Il est au coeur d’un arc de crises qui s’étend de la Somalie à l’Afghanistan. Alors que la mondialisation ne cesse de créer de nouveaux liens et de nouveaux échanges, cette  région semble au contraire s’enfermer toujours davantage dans une spirale de violence et de haine. Nous ne pouvons pas être indifférents à ce qui se joue au Liban, dans les territoires palestiniens, à Damas, à Téhéran ou encore à Kerbala. Car le défi du Proche-Orient, c’est la paix, c’est notre capacité à faire vivre le dialogue et la tolérance entre les cultures. C’est la sécurité de nos compatriotes. Au cœur de cet arc de crise, se trouve le conflit israélo-palestinien. Après plus d’un demi-siècle d’affrontements, la paix semble toujours hors d’atteinte. Des millions de personnes en rêvent et ne la voient pas. Des hommes de raison et de sagesse la construisent, mais leurs projets ne se réalisent pas. Tout ce qui s’imagine de grand et de bien pour cette région est à chaque fois emporté par les haines et les violences. La paix ne se décrète pas. Mais aucun des échecs du passé ne doit nous décourager pour l’avenir.

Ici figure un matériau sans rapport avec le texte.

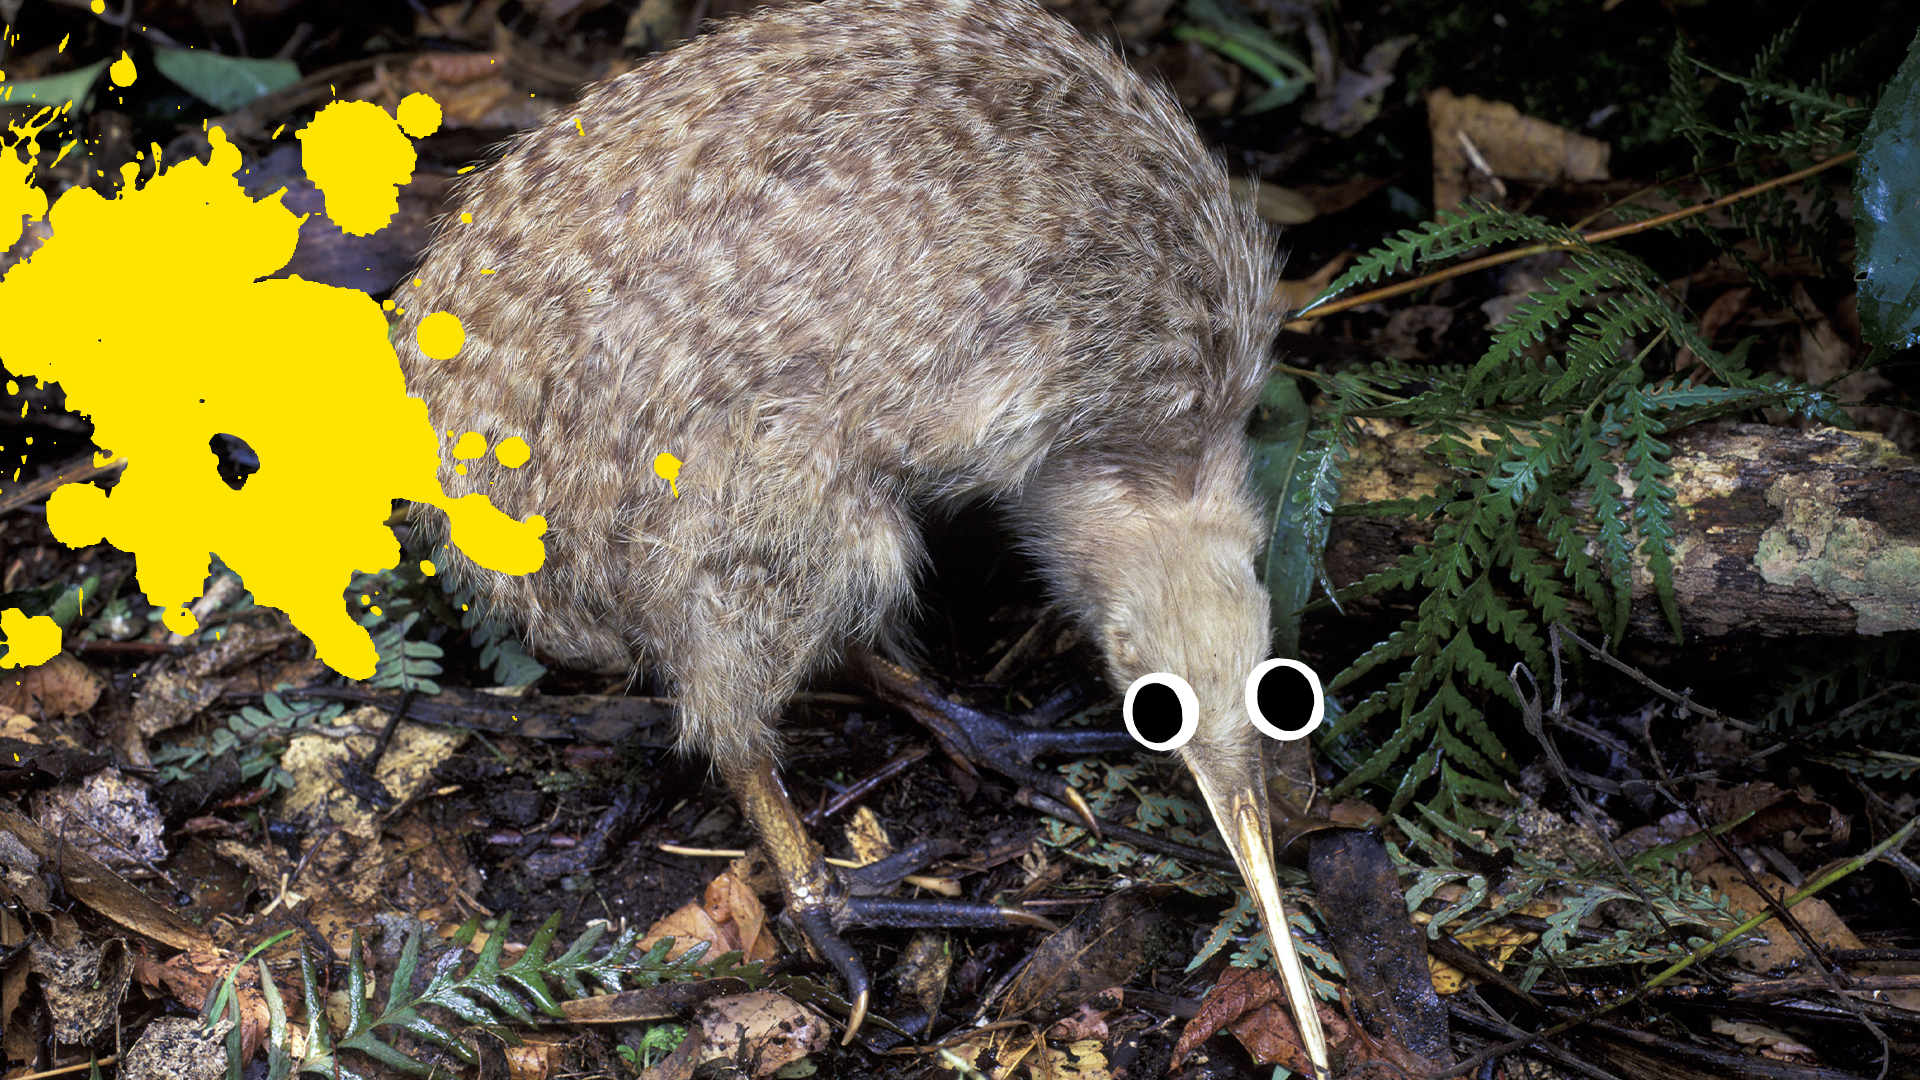 Kiwi bird with googly eyes and splat

Quelle est la situation aujourd’hui ? Plus de 70% des Palestiniens vivent en dessous du seuil de pauvreté. La victoire du Hamas aux élections législatives témoigne des frustrations du peuple palestinien. Dans le même temps, malgré le retrait de Gaza et la construction de la barrière de sécurité, les Israéliens ont besoin de garanties supplémentaires pour leur sécurité. Le conflit au Liban l’a encore montré. Plus que jamais les parties au conflit semblent incapables de parvenir seules à une solution.

Si nous voulons sortir de cette impasse, il faut donc que la communauté internationale se mobilise avec bien plus de détermination et d’énergie qu’elle ne l’a fait jusqu’ici. C’est le sens de l’appel lancé la semaine dernière par le Président de la République en faveur d’une nouvelle réunion du Quartet. Il repose sur une conviction forte : seule une solution politique et un règlement négocié permettront de parvenir à une paix juste et durable pour l’ensemble des peuples de la région, avec deux Etats vivant côte à côte en paix et en sécurité.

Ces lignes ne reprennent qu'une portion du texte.